Because Chronicles...like Ezra...tells of a deep yearning for the restoration of a nation to greatness, and looks to the past with a powerful hunger. That shapes the way memory is recalled, and the way that the story of the past is told.
There are many changes, like largely ignoring the history of those cursed "northern Kingdom" Samaritans. Most relevant, given the liturgist in question, is how Chronicles approaches King David, first and greatest of the kings of the Jewish people.
In the older stories of David, those told in the Deuteronomistic History, he is remembered as deeply human. In 1 and 2 Samuel, David is an emotionally complex soul. He cares deeply for Saul and his son Jonathan, even though the erratic, moody Saul threatens his life over and over again. When David's son Absalom rises up to take power from him, David desperately clings to hope for reconciliation, and when the news of Absalom's death is brought to David, his heart is utterly broken. David knows indolence and lust, murdering the honorable Uriah to cover up his infidelity with Uriah's wife Bathsheba. The prophet Nathan is forced to confront David with the horror of his actions, and David is shattered and repentant. At the end of his life, David is a weak and diminished old man, easily manipulated by Nathan and Bathsheba so that Bathsheba's child Solomon can take the throne.
These are meaty, real, earthy stories, ones that speak to the truth of our human mess and the ways even the best of us fail to uphold God's covenant. They teach and they preach powerfully to the human condition, and are willing to question power. Particularly the power of kings, because kings are people, and people are a mess.

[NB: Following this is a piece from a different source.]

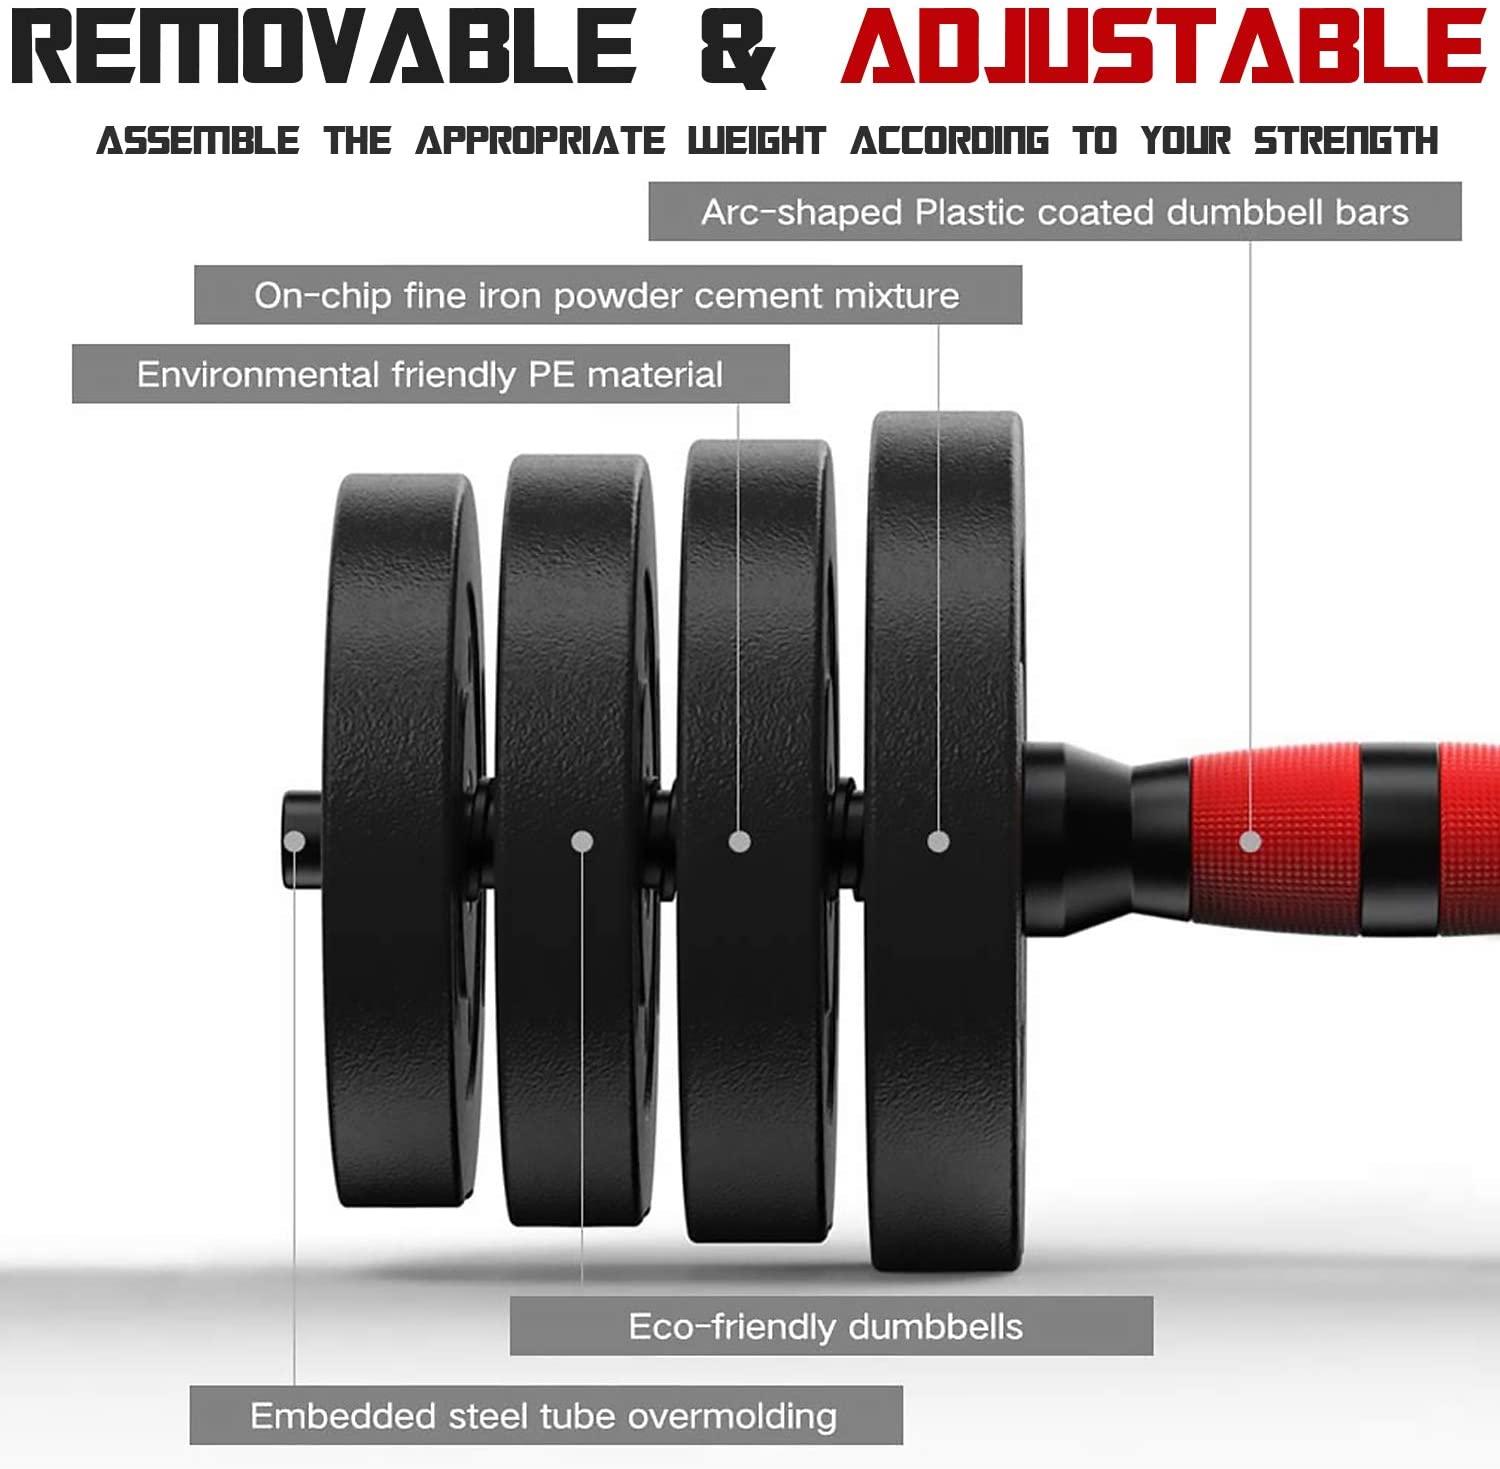 66LB Adjustable Dumbbell Weight Sets for Bodybuilding Training - image 4 of 8

That ain't how Chronicles presents David.
Even though Chronicles is almost entirely reliant on the history recorded by those earlier books, it spins their story with the doggedness of a White House Press Secretary.
David, or so Chronicles describes him, was perfect. He's buffed and without blemish, run through an Instagram filter, naturally tan and with a full thick head of hair.
Ezra's David almost never puts a foot wrong or makes a bad choice, unless Satan himself leads him astray. He never weeps or shows weakness. The conflict between David and Saul is only mentioned sotto voce, and there is no discussion of any of the intrigue in David's house. There is no Bathsheba-canoodling in Chronicles. The fight with Goliath isn't mentioned, likely because that would suggest David was once small and not mighty. David fights, and wins, and fights, and wins, and gives long set piece speeches about building the temple with specific attention to the choice of only the best and most expensive materials. He hands over the throne to Solomon completely of his own volition.
As narrative, it's pretty danged flat, and Ezra's scribal compulsion to insert Lists of People and Things don't help that cause none, neither. There's a reason that all the stories we retell and remember aren't from Chronicles, because generally speaking, we don't read aloud from spreadsheets in worship.
Taken as a whole, Chronicles is history as hagiography, history as a glossing-over of anything uncomfortable or difficult or messy, history that desperately wants to find perfection in the glories of the past and the shine of remembered wealth and power.
Which, I would contend, is precisely why it is God's will that Chronicles remain forever part of sacred scripture. Because human beings are great at editing out the hard parts, not being challenged or changed, and utterly failing to learn from our mistakes. We need to remember
Lord, does history teach how we're great at that.